● **What you should do**:
Retype the listing found below exactly, but leave out each picture.

Information shown: Begin

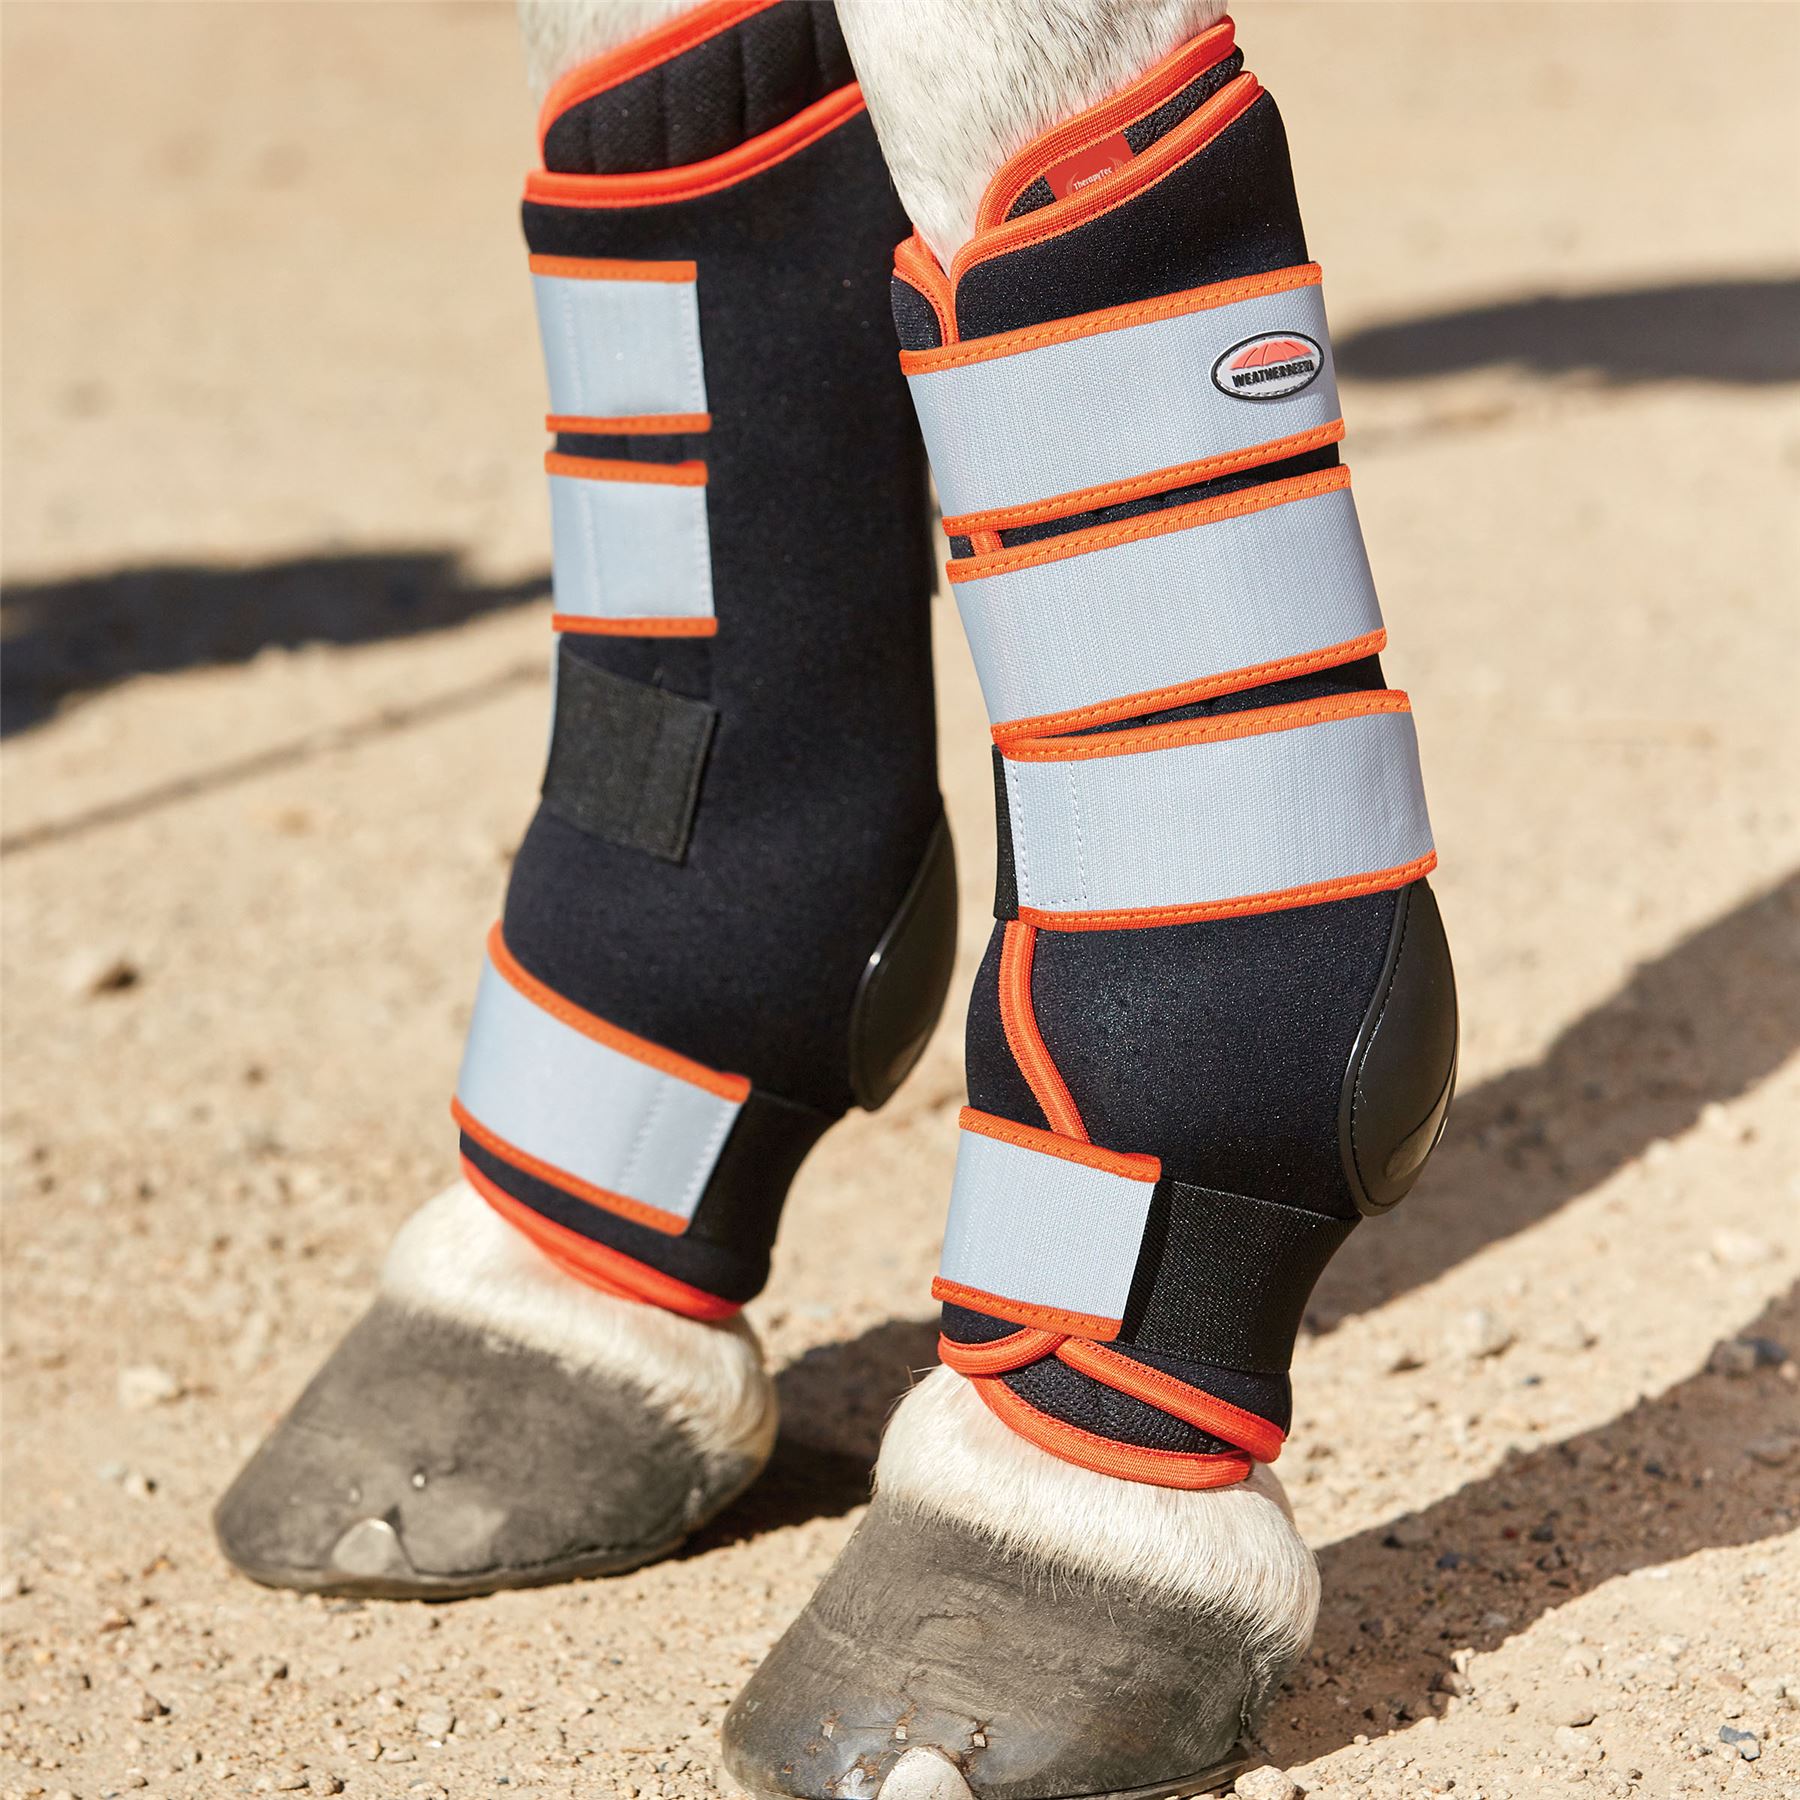 Weatherbeeta Therapy-Tec Stable Boot Wraps - Just Horse Riders
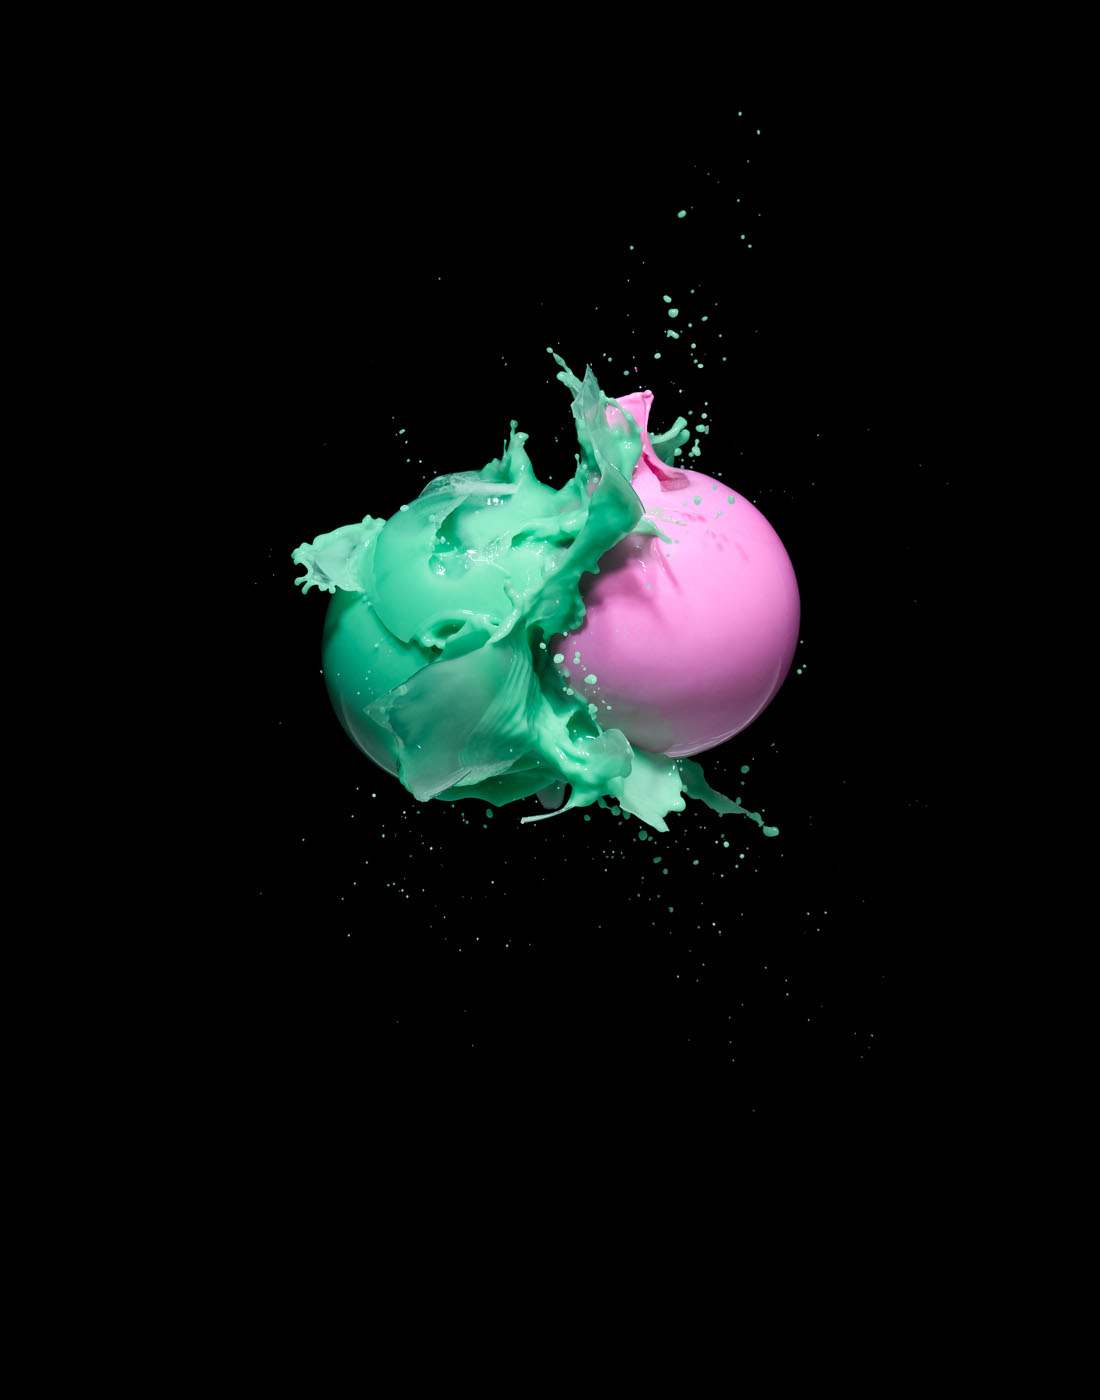 Green and pink paint explosion on black background by Alexander Kent London based still life and product photographer.
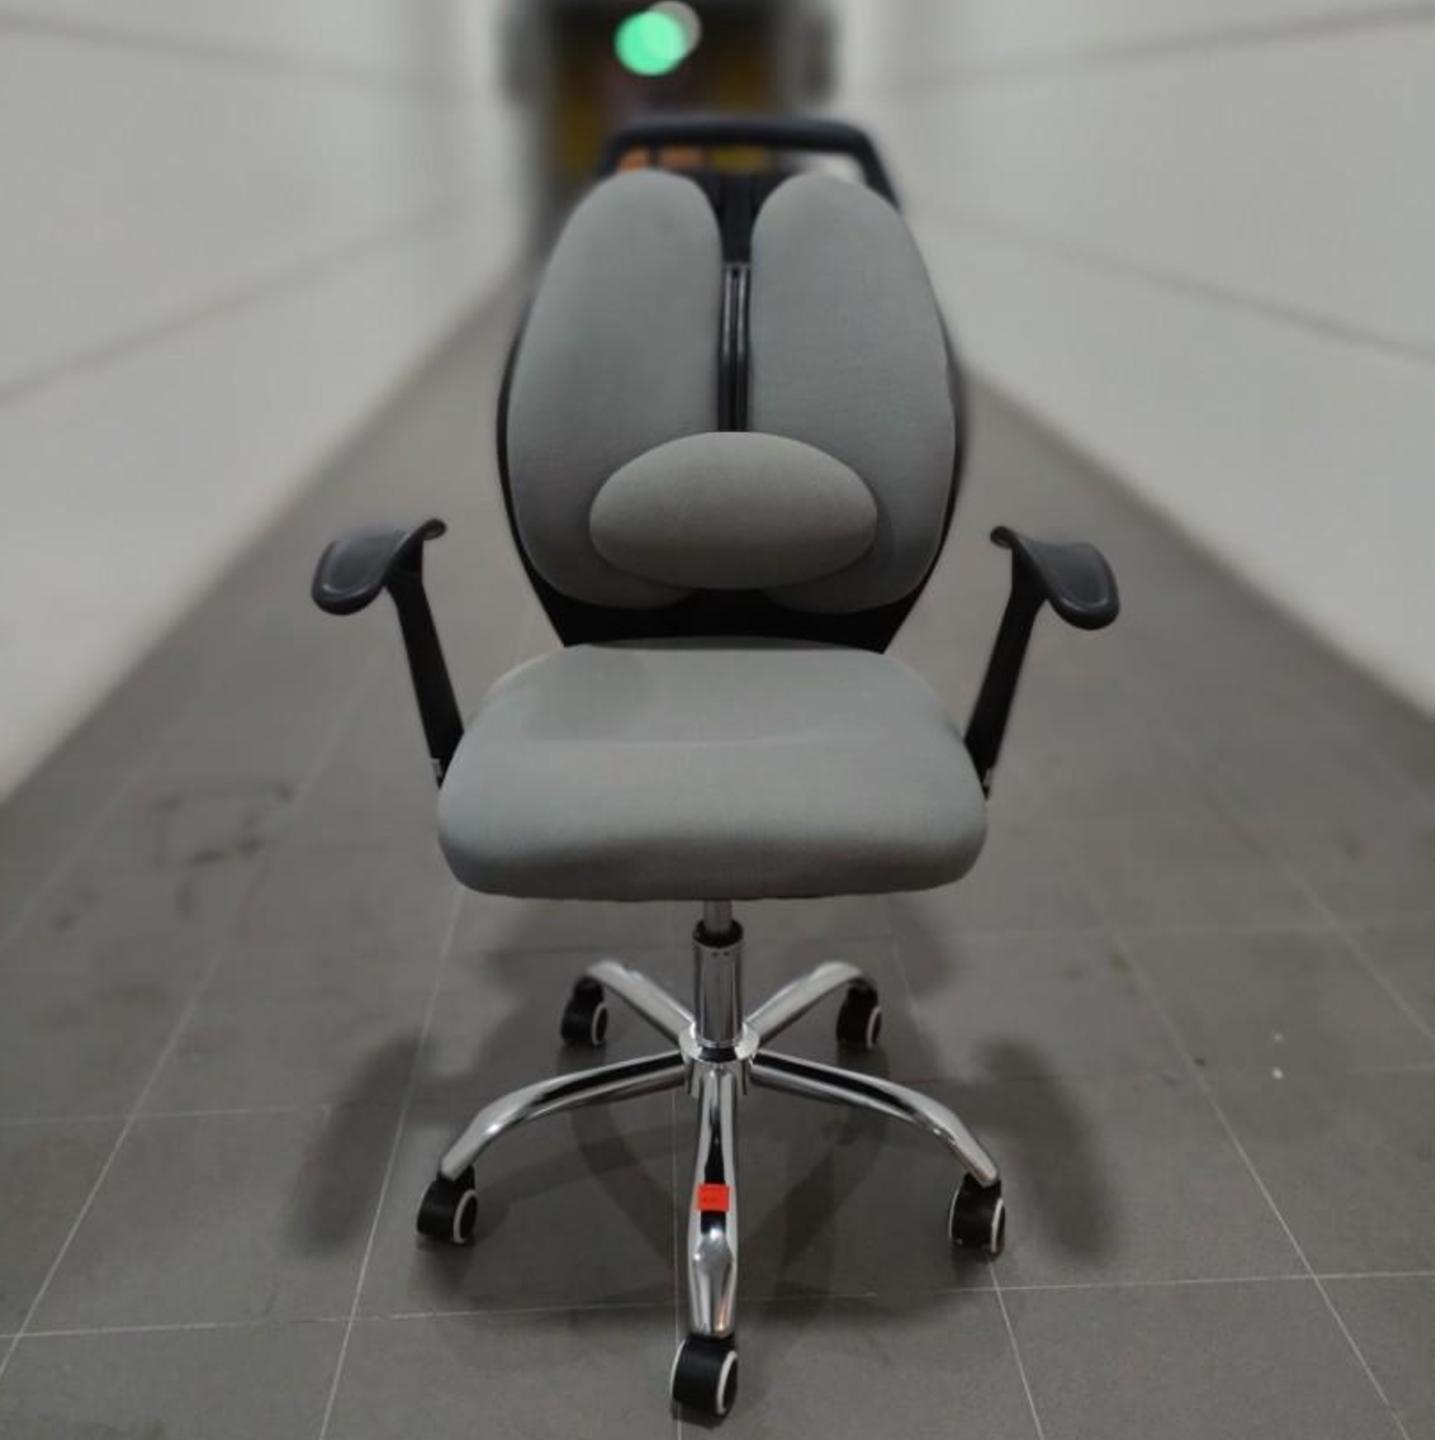 SPAWN IJ DYNASPINE Office Chair in GREY

Information shown: End

● **Exercise answer**:
 Weatherbeeta Therapy-Tec Stable Boot Wraps - Just Horse Riders
 Green and pink paint explosion on black background by Alexander Kent London based still life and product photographer.
 SPAWN IJ DYNASPINE Office Chair in GREY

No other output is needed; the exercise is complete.